Saly Mayer, allora presidente della Federazione svizzera delle comunità israelite, era molto preoccupato per l’atmosfera incandescente. I circoli ebraici sono inquieti, scrisse in una nota, per l’antisemitismo che si stava sviluppando tramite il settore economico. Invitò più volte i proprietari dell’EPA a soddisfare le richieste della classe media, poiché pensava che fosse l’unico modo di scongiurare l’imminente pericolo: “Voi [Maus e Brann] avete la possibilità di intervenire per risolvere la situazione e dobbiamo ancora una volta chiedervi di siglare senza indugi l’intesa ormai necessaria”.

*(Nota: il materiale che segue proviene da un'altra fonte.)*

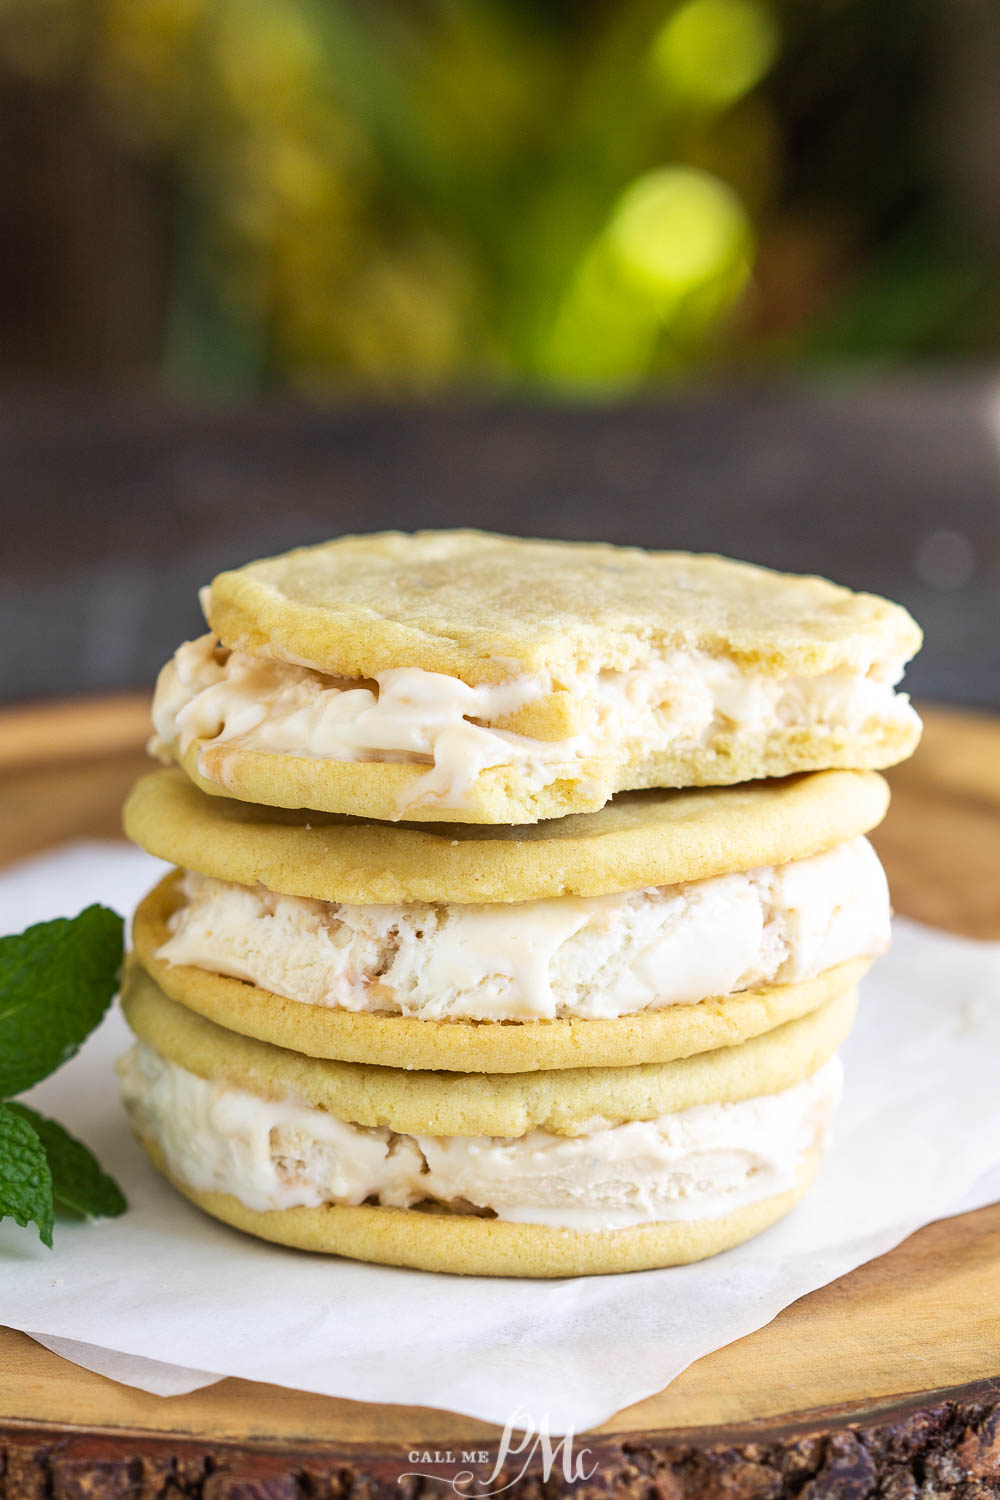 Georgia Peach Ice Cream Sandwich from The Masters is a bright refreshing ice cream sandwiched between two sugar cookies. It\'s the perfect summer dessert!

Le maggior parte delle persone di fede ebraica proprietarie di grandi magazzini non superò indenne questo periodo. Allo scoppio della Seconda guerra mondiale, Julius Brenn, che non aveva figli, vendette il lavoro della sua vita, Brann AG ed EPA, al presidente del consiglio di amministrazione Oscar Weber ed emigrò negli Stati Uniti.

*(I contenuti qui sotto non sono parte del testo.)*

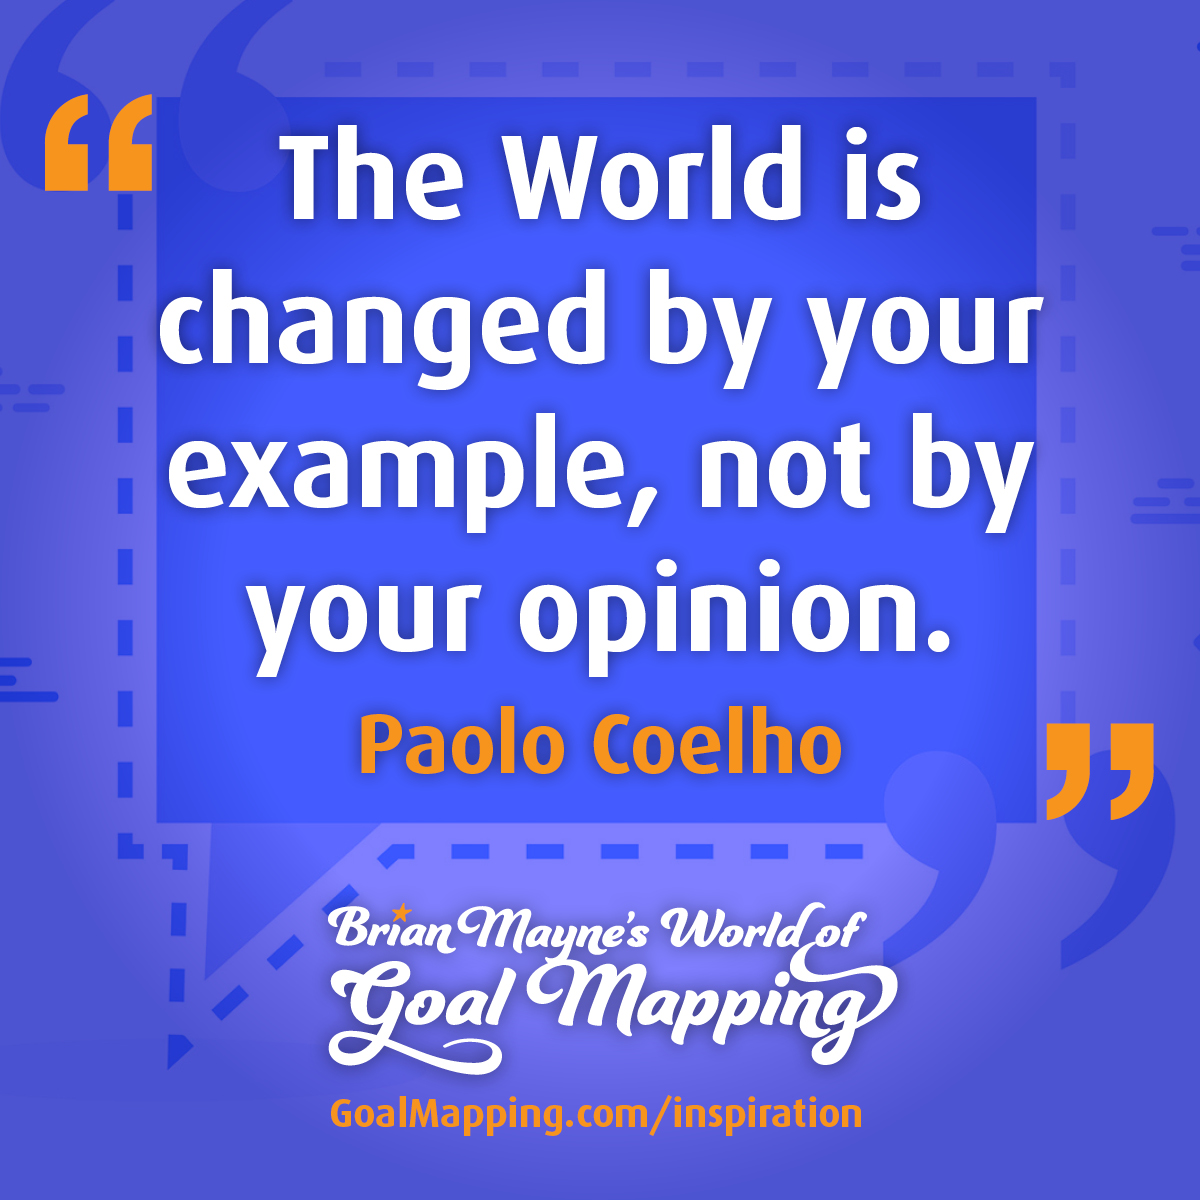 "The World is changed by your example, not by your opinion." Paolo Coelho

I membri di fede ebraica del consiglio di amministrazione e della direzione dei grandi magazzini Jelmoli – fondati dall’italiano Giovanni Pietro Jelmoli – lasciarono la propria funzione nel 1940 e si trasferirono in America.

I proprietari di Maus Frères invece, per precauzione, nel 1938 acquisirono i grandi magazzini Bergner’s, negli Stati Uniti, per avere un altro punto d’appoggio. Una strategia attuata anche da grandi gruppi non ebraici come la casa farmaceutica Roche che aprì una seconda sede a Nutley, nel New Jersey.

Il Consiglio federale, che nel 1933 si era fatto trascinare dalle pressioni antisemite, invertì la rotta in piena guerra fredda: negoziò accordi con il Canada e con l’Australia in modo che, in caso di guerra, avrebbero accolto le grandi aziende svizzere nel loro territorio, ma mantenendo la giurisdizione elvetica.

Angela Bhend, storica, è autrice del libro “Trionfo della modernità – I fondatori ebrei dei grandi magazzini in Svizzera, 1890-1945” (“Triumph der Moderne. Jüdische Gründer von Warenhäusern in der Schweiz, 1890–1945”. Chronos 2021).